A good rule of thumb is to put on the (mental) hat of a reviewer and ask 
yourself, whether you would like to review your own PR with regard to it's size 
and the problems covered, or not.



> Implement TProcessorFactory in C# to enable per-client processors
> -----------------------------------------------------------------
>
>                 Key: THRIFT-3397
>                 URL: https://issues.apache.org/jira/browse/THRIFT-3397
>             Project: Thrift
>          Issue Type: New Feature
>          Components: C# - Library
>    Affects Versions: 0.9.3
>            Reporter: Jonathan Heard
>            Priority: Minor
>              Labels: performance, thread-safety
>   Original Estimate: 168h
>  Remaining Estimate: 168h
>
> The current TServer implementations in C# take a single instance of a 
> TProcessor to be used for all client connections. This is not guaranteed to 
> be thread-safe and can become a significant bottleneck.

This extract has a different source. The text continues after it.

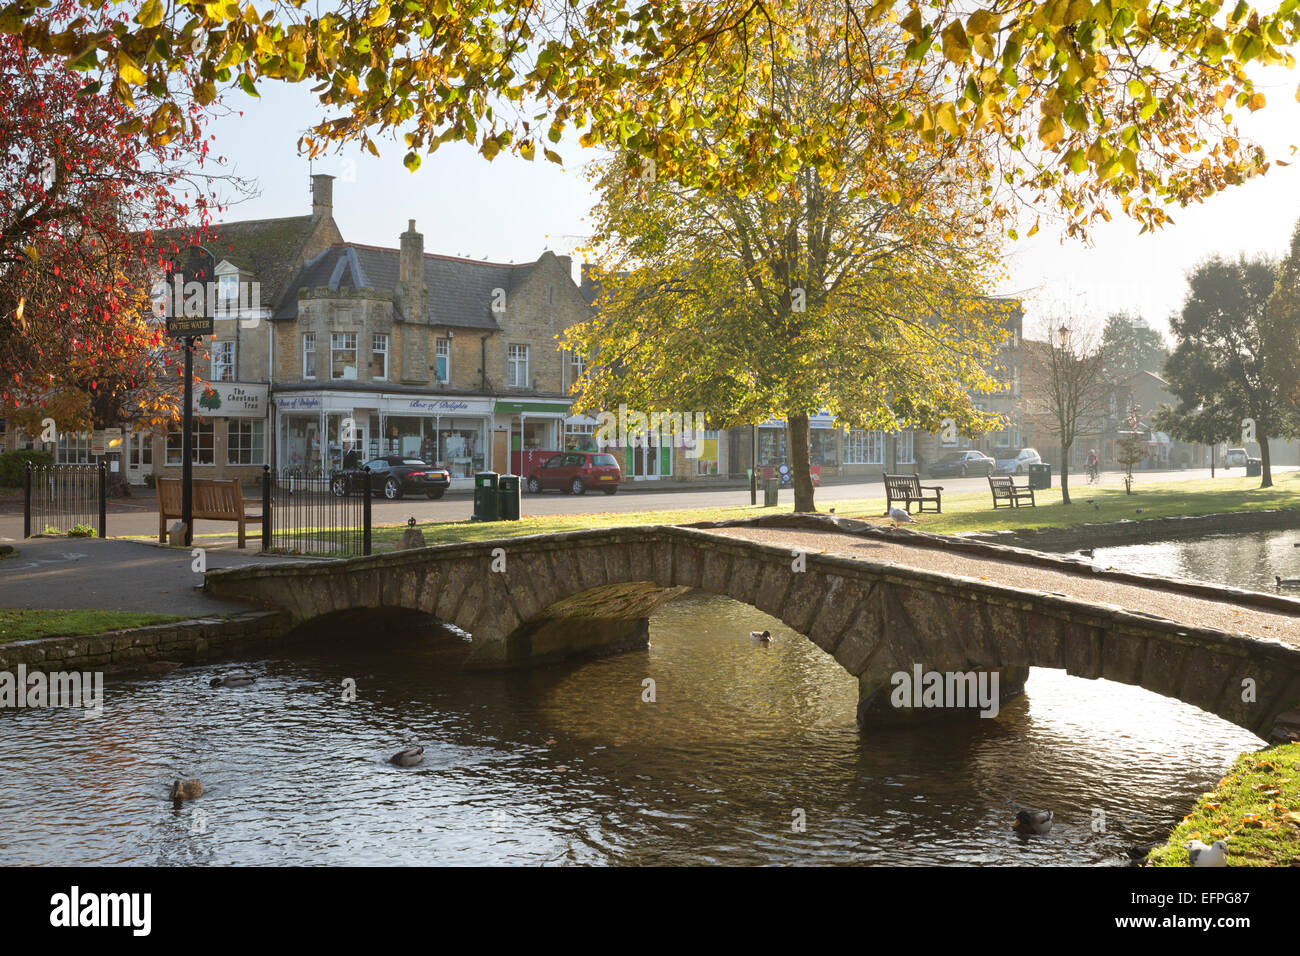 High Street and bridge over River Windrush, Bourton-on-the-Water, Cotswolds, Gloucestershire, England, United Kingdom, Europe Stock Photo
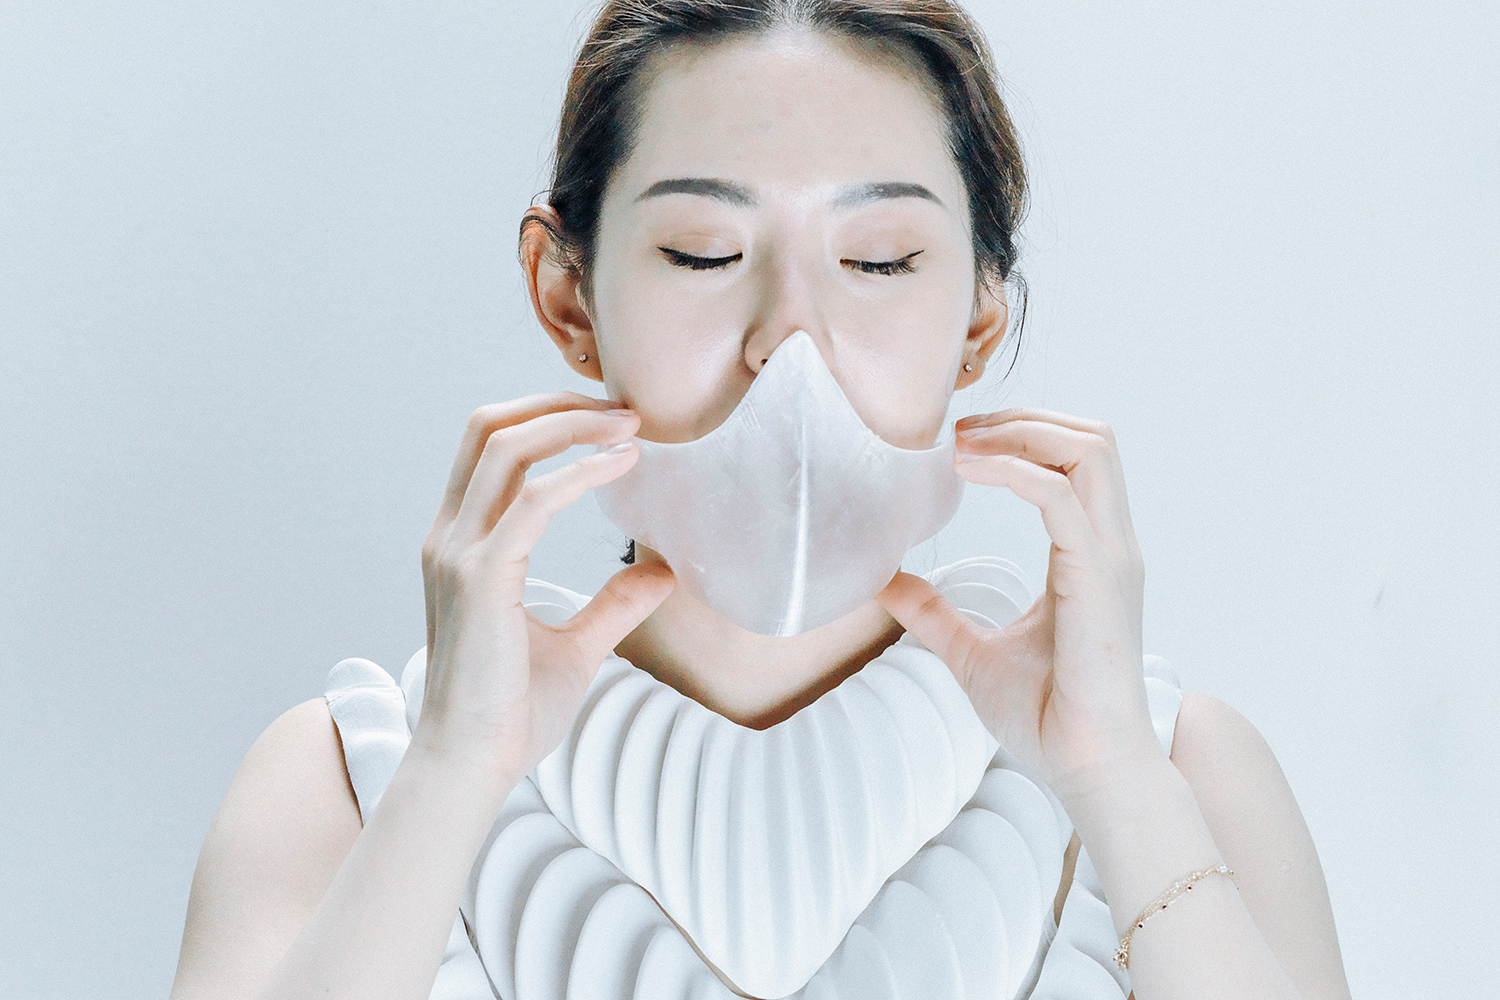 amphibio gills are designed to let humans breathe underwater gallery 4

> I am implementing a TProcessorFactory interface for C# which is similar to 
> the ones already implemented in Java and C++. I'll generate a pull request 
> for review soon.
> The existing solutions implement TProcessorFactory as a class which takes a 
> TProcessor and just returns that instance to all clients. I'm aiming to 
> improve on that by creating a TProcessorFactory interface and then 
> implementing it in two core classes:
> 1) TSingletonProcessorFactory - this behaves the same as the Java 
> 'TProcessorFactory' class.
> 2) TPrototypeProcessorFactory<Processor,Handler> - this effectively returns a 
> 'new Processor(Handler)' giving every new client its own processor.
> In order to avoid breaking the existing API (and in-keeping with the Java 
> implementation),  I have changed TServer so that it uses a TProcessorFactory 
> instead of TProcessor and updated all relevant constructors so they call the 
> TSingletonProcessorFactory for constructors using TProcessor. New 
> constructors have been added to enable calling with TProcessorFactory. This 
> approach should avoid breaking the established API and not break any existing 
> code.
> I've also updated the TestServer.cs to support these changes.